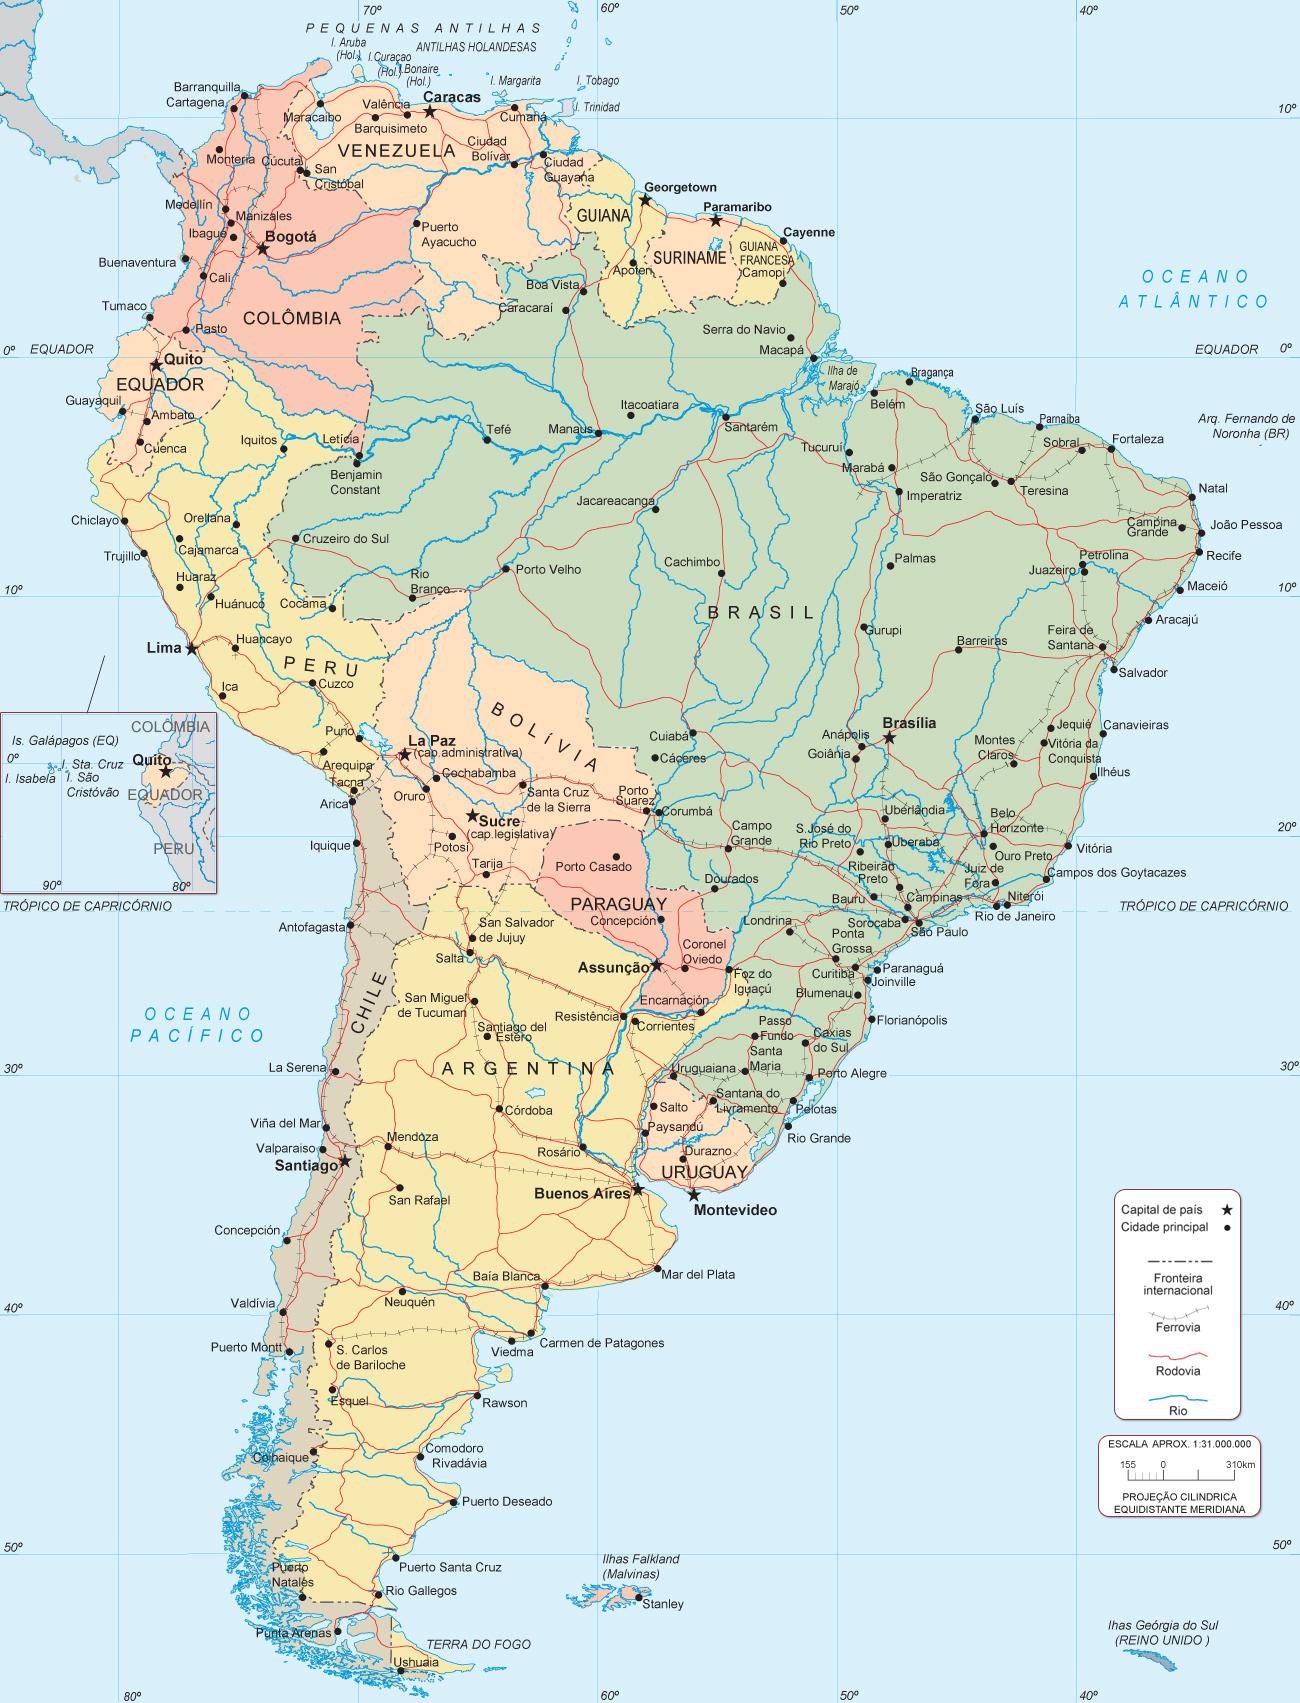 mapa da america do sul Mapa da América do Sul mapa da america do sul
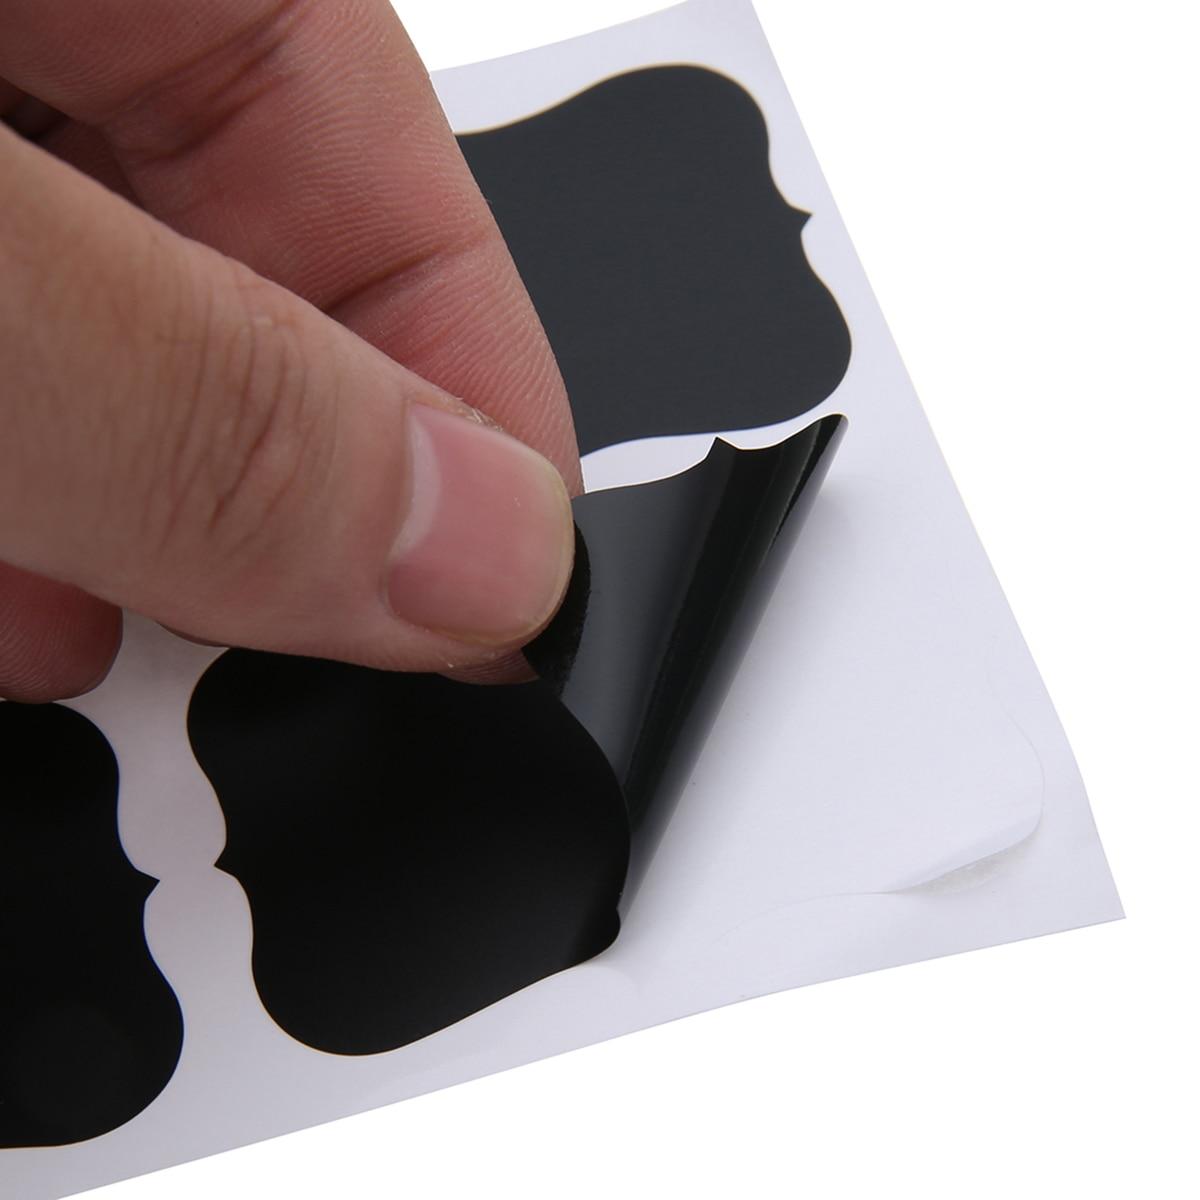 100pcs Blackboard Sticker Label Chalk Board Labels Kitchen Jars Organizer Craft Chalkboard Sticker For Home Kitchen Decoration
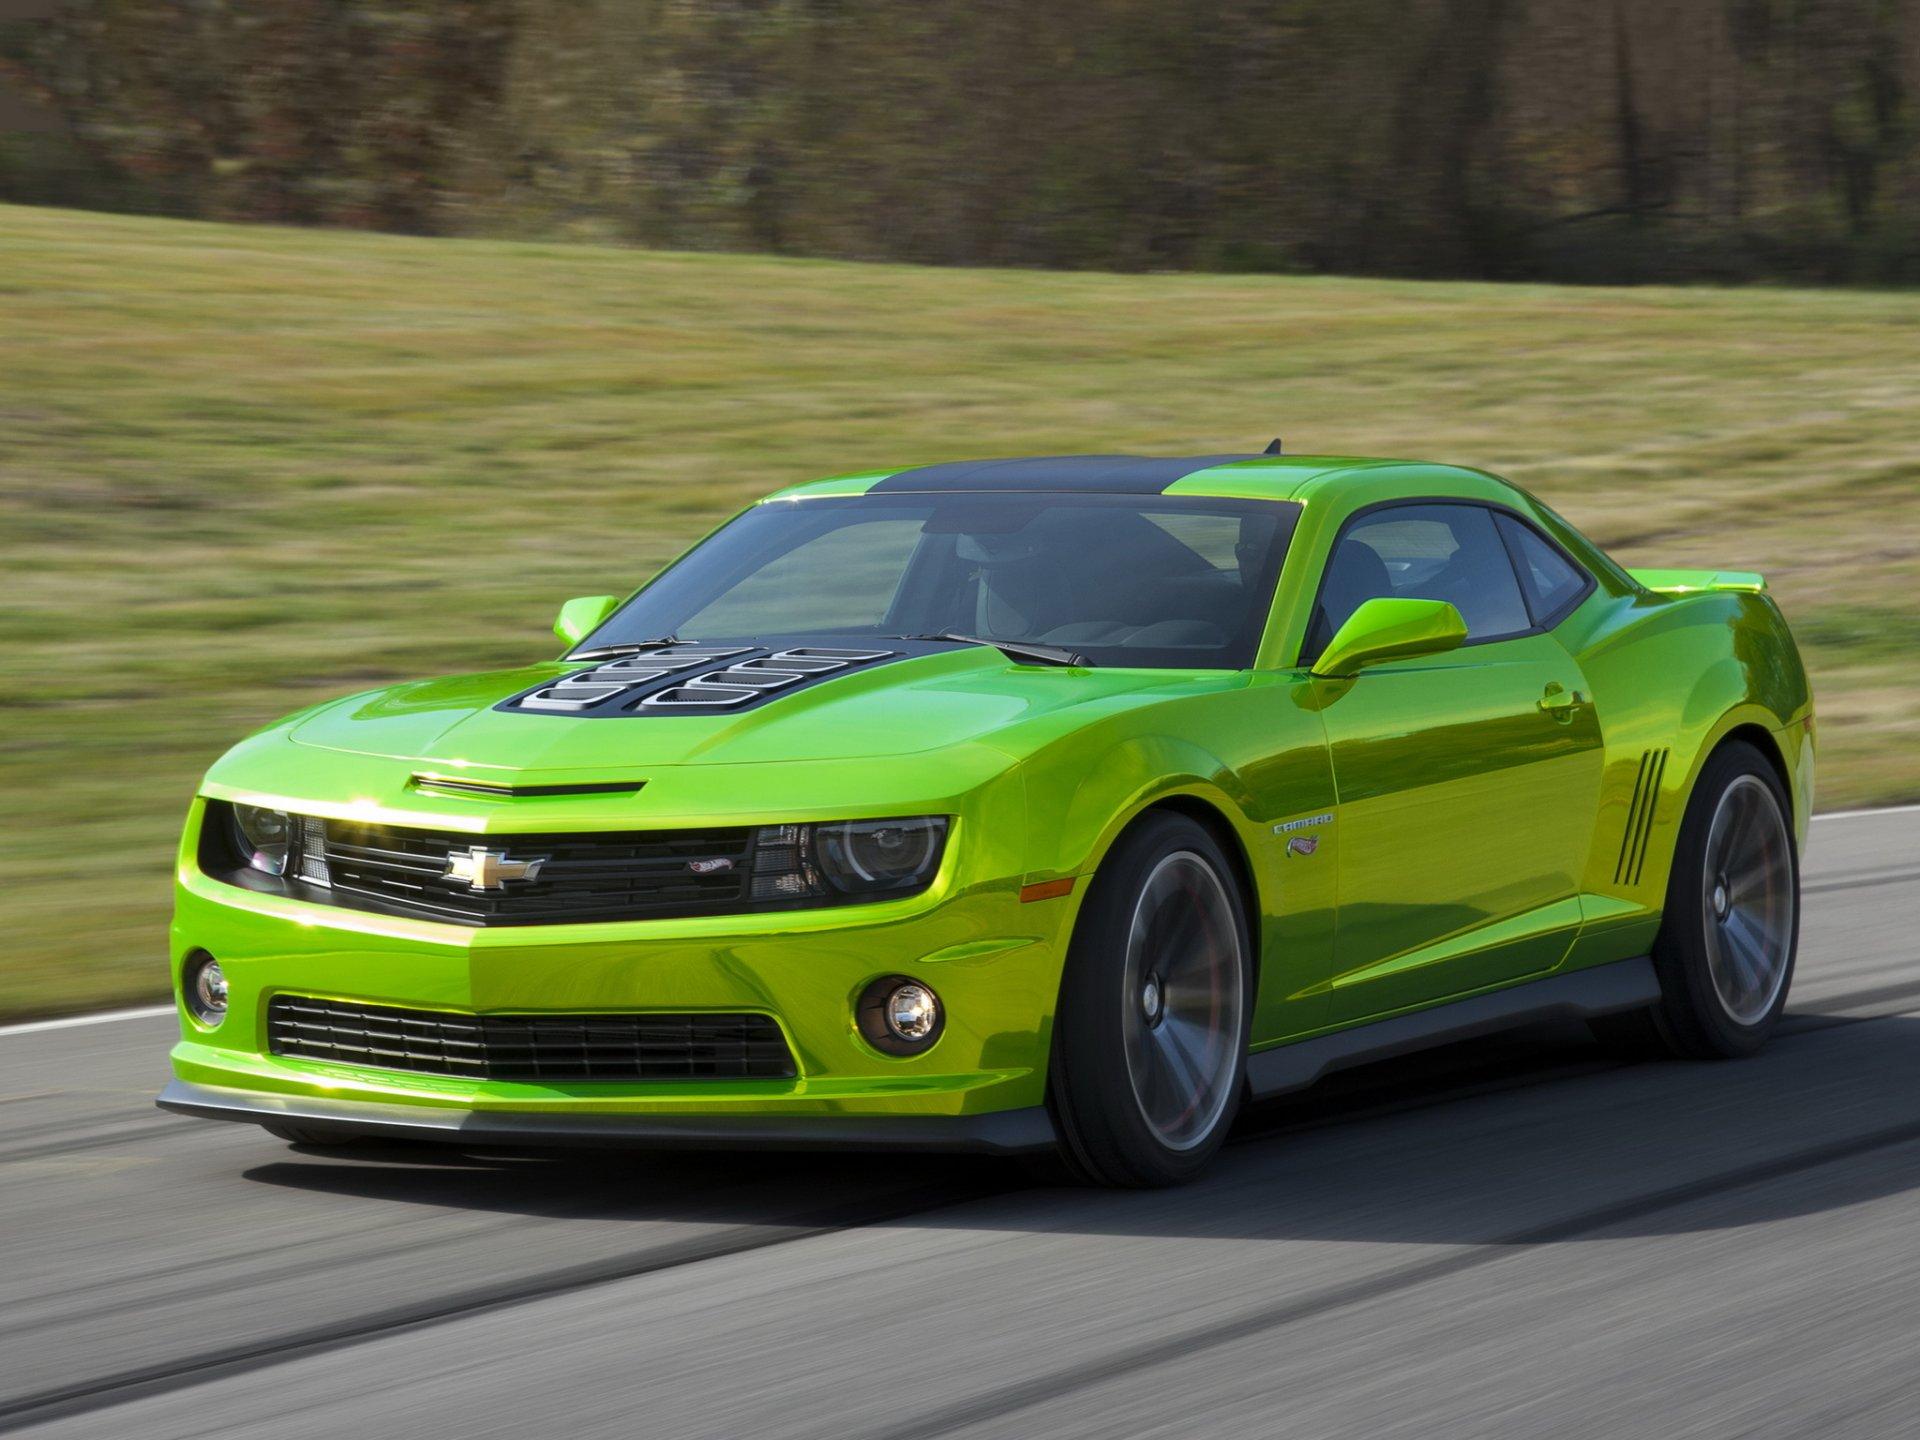 Обои колёса, Chevrolet camaro, полосы, диски, асфальт, шевроле камаро. Автомобили foto 7

_To do:_ Apart from the pictures, the whole listing should be reproduced exactly.

_Expected answer:_
 mapa da america do sul Mapa da América do Sul mapa da america do sul
 100pcs Blackboard Sticker Label Chalk Board Labels Kitchen Jars Organizer Craft Chalkboard Sticker For Home Kitchen Decoration
 Обои колёса, Chevrolet camaro, полосы, диски, асфальт, шевроле камаро. Автомобили foto 7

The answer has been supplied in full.